More Chinese consumers preferred to save their earnings in the first six months of 2022, according to findings from a quarterly survey by the People’s Bank of China released on Thursday. Almost 60 per cent of respondents said they were more inclined to save their earnings, while just a quarter were more likely to spend them.

“Chinese households appear to be in deleveraging mode, by saving more while paying off loans early,” said Dexter Hsu, a senior analyst with Macquarie. “As [deposits] interest rates continue to decline, households are hunting for yields.”

That has left strategists reliant on the final pillar: Chinese authorities’ tried and trusted policy of spending vast amounts of money trying to stimulate the economy.

Line chart of Equity benchmarks (rebased to 100) showing China stocks wrongfoot investors as rebound disappoints

“There’s a lot of high expectations of a stimulus package,” said Steven Sun, head of research and equity strategy at HSBC Qianhai Securities. “And suffice to say [authorities] still have a lot of policy room.”

Historically, policymakers have focused on real estate development and infrastructure projects, which have long been central to the country’s previously breakneck growth.

But after years of cracking down on excess leverage at Chinese property groups, Beijing is wary of the kind of large-scale stimulus that could cause developers’ debt loads to balloon again. As a result, China has cut rates enough to help stave off a downturn but remains reluctant to deliver the wider support to help turn things round in the way investors anticipated at the start of 2023.

“The economic recovery fell short of expectations as people underestimated the negative feedback loop of the property sector meltdown, underestimated the lack of confidence due to the deteriorating external geopolitical environment and overestimated the rebound from post-pandemic revenge spending,” said Lu Ting, chief China economist at Nomura.

Yet the grim picture painted by recent economic data out of China has convinced some strategists that at least some form of stimulus is likely — and could help turn market sentiment round.

HSBC Qianhai recently trimmed its year-end target for the CSI 300 index of Shanghai- and Shenzhen-listed stocks. Sun described the move as “a tweak” and still expects the benchmark, at present down roughly 1 per cent year to date, to finish 2023 up more than 11 per cent.

Sun said China would rapidly increase its stimulus measures in the second half of the year to help compensate in part for a lack of consumer confidence, though he added that policymakers were unlikely to focus on property or infrastructure as they had with previous efforts.

David Chao, global market strategist for Asia Pacific ex-Japan at Invesco, said investors would be tempted to return to Chinese equities because “current valuations are way too bearish”.

He added that more stimulus measures from Beijing were likely in the coming months and could provide a “meaningful boost” to the economy as well as a “signal to markets”, though he added these would “come out in bits and pieces”.

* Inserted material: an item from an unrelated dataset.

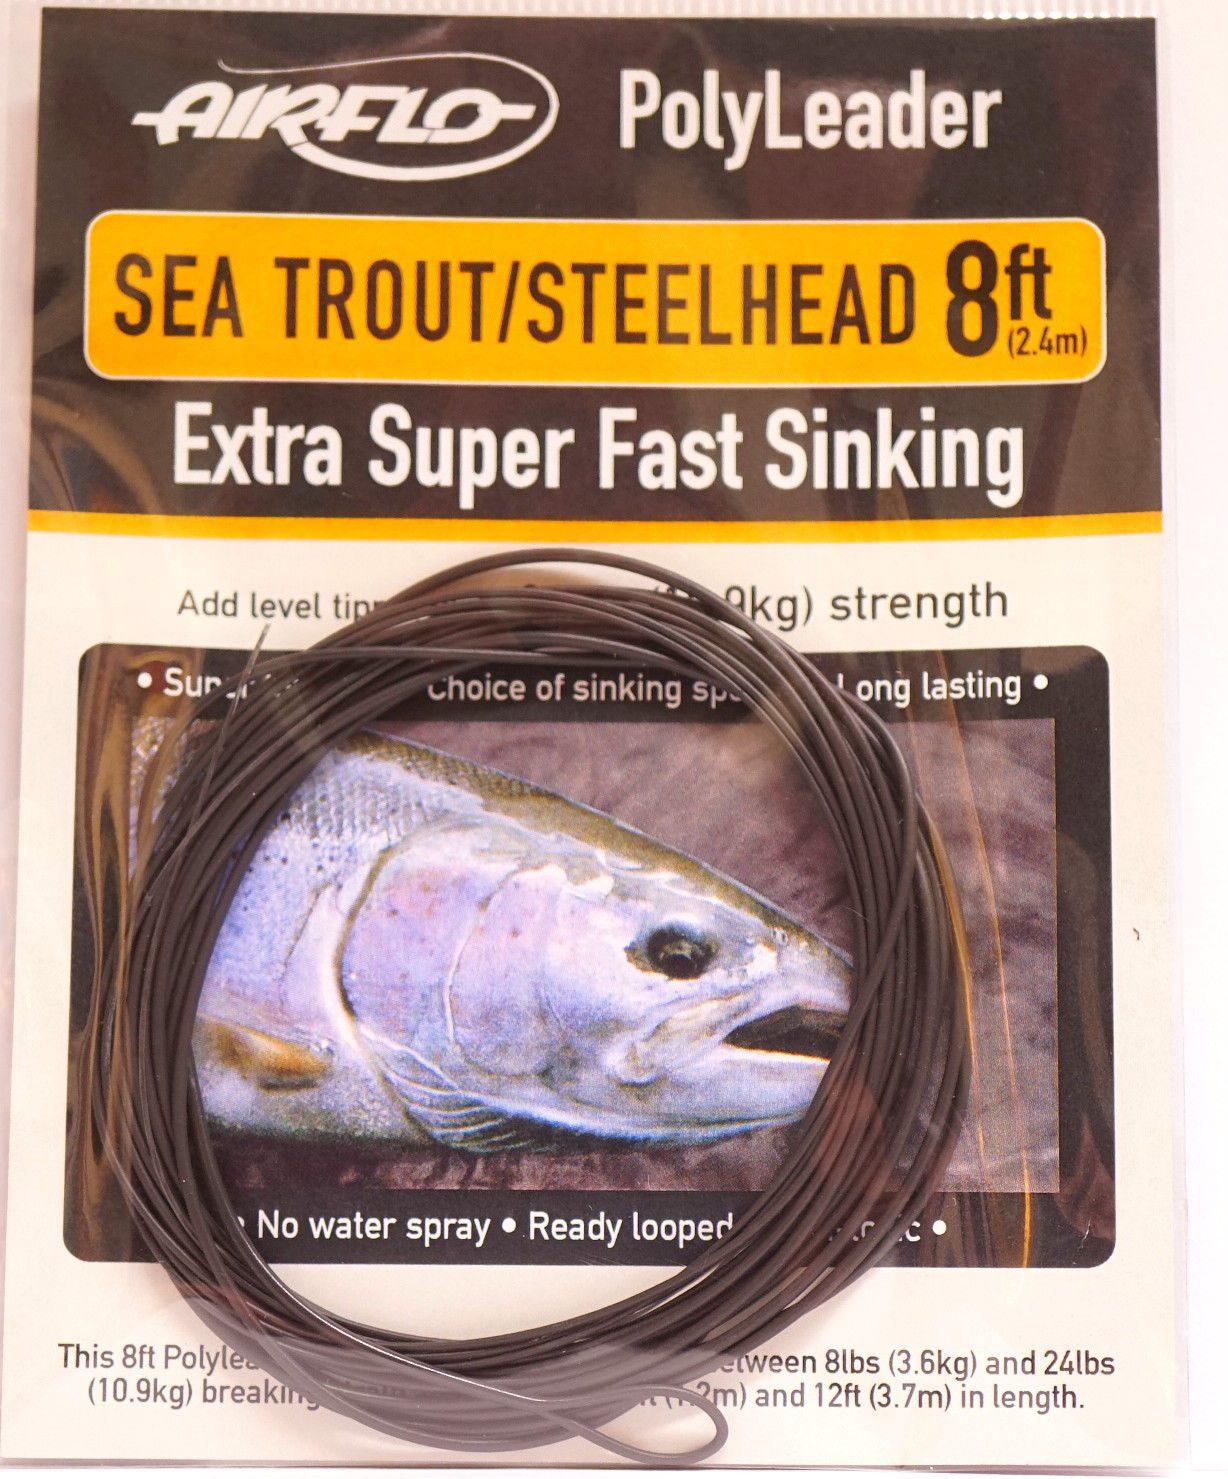 Airflo polyleader Sea Trout Steelhead Ex.Super Fast Sinking 8 ft
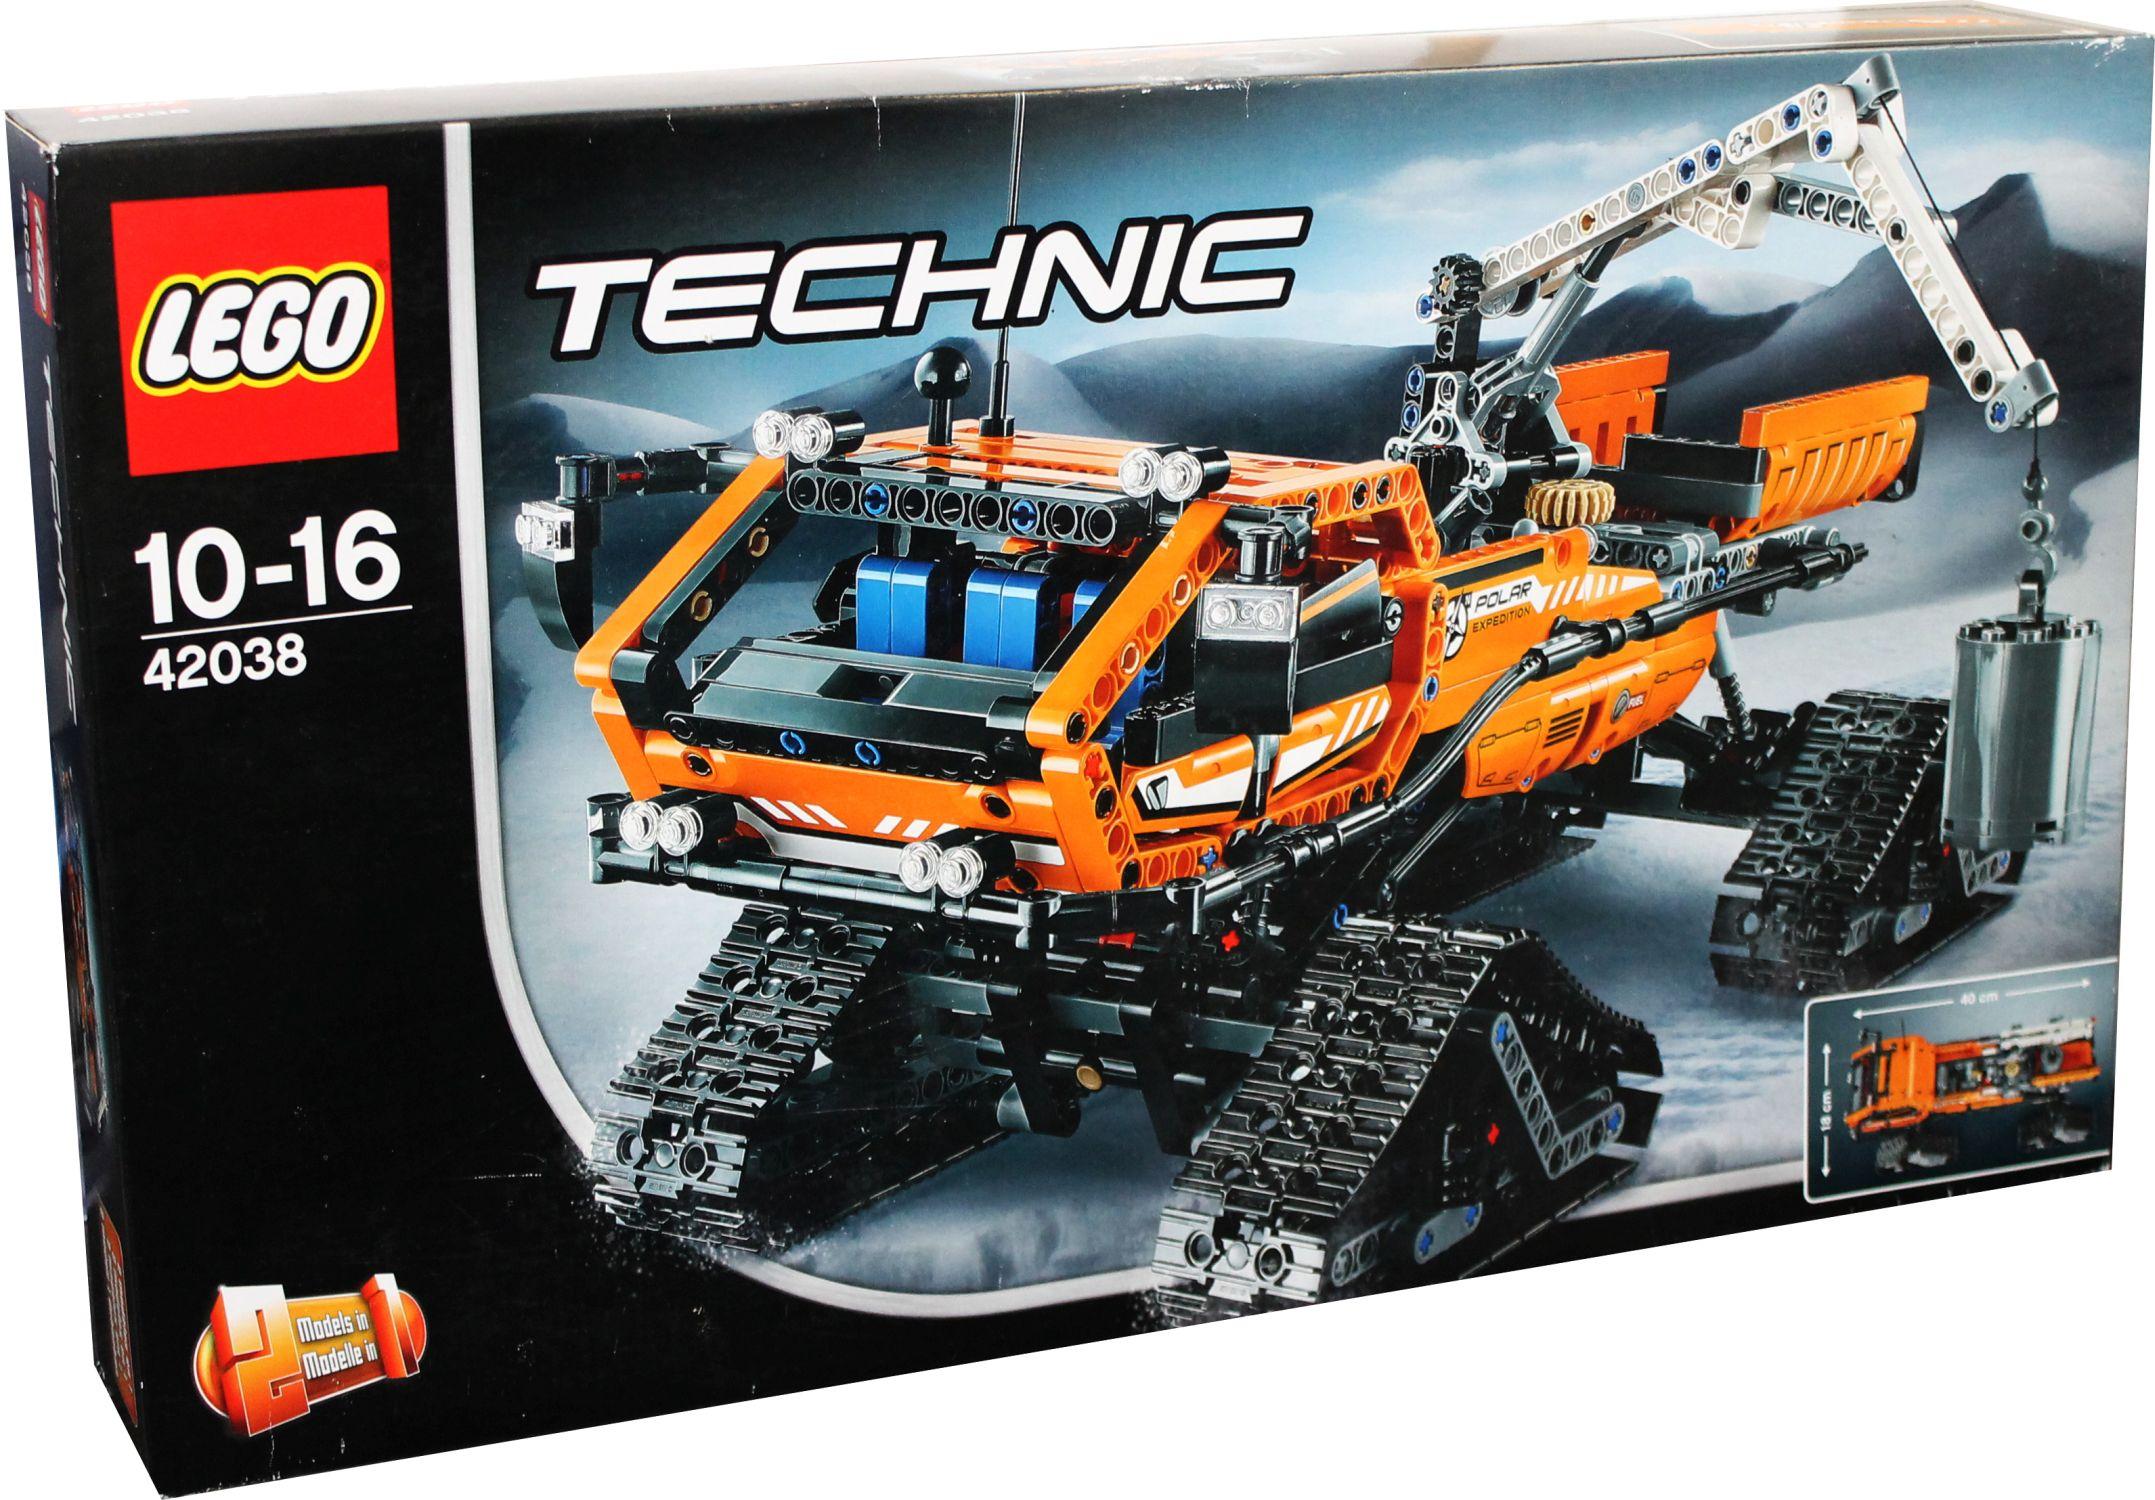 2 in 1 lego technic 42037 arktis kettenfahrzeug neu ebay. Black Bedroom Furniture Sets. Home Design Ideas

Even Goldman Sachs remains hopeful that a stimulus-backed rebound is still on the cards, explaining in a recent note that policy easing is a “central premise of our constructive market view” and forecasting that China’s onshore stock market will rise 7 per cent from its current level over the next 12 months.

Others are less sanguine. Nomura’s Lu and other sceptical analysts argue that massive monetary stimulus or aggressive interest rate cuts cannot unleash the kind of economic growth needed to restore confidence in the market. That makes the bullish forecasts for Chinese equities unrealistic, they say.

“The market is begging for stimulus,” said Hong Hao, chief economist at Grow Investment Group. “But monetary easing can’t solve the secular problems. The more we feed property, the harder it is to get out of its trap.”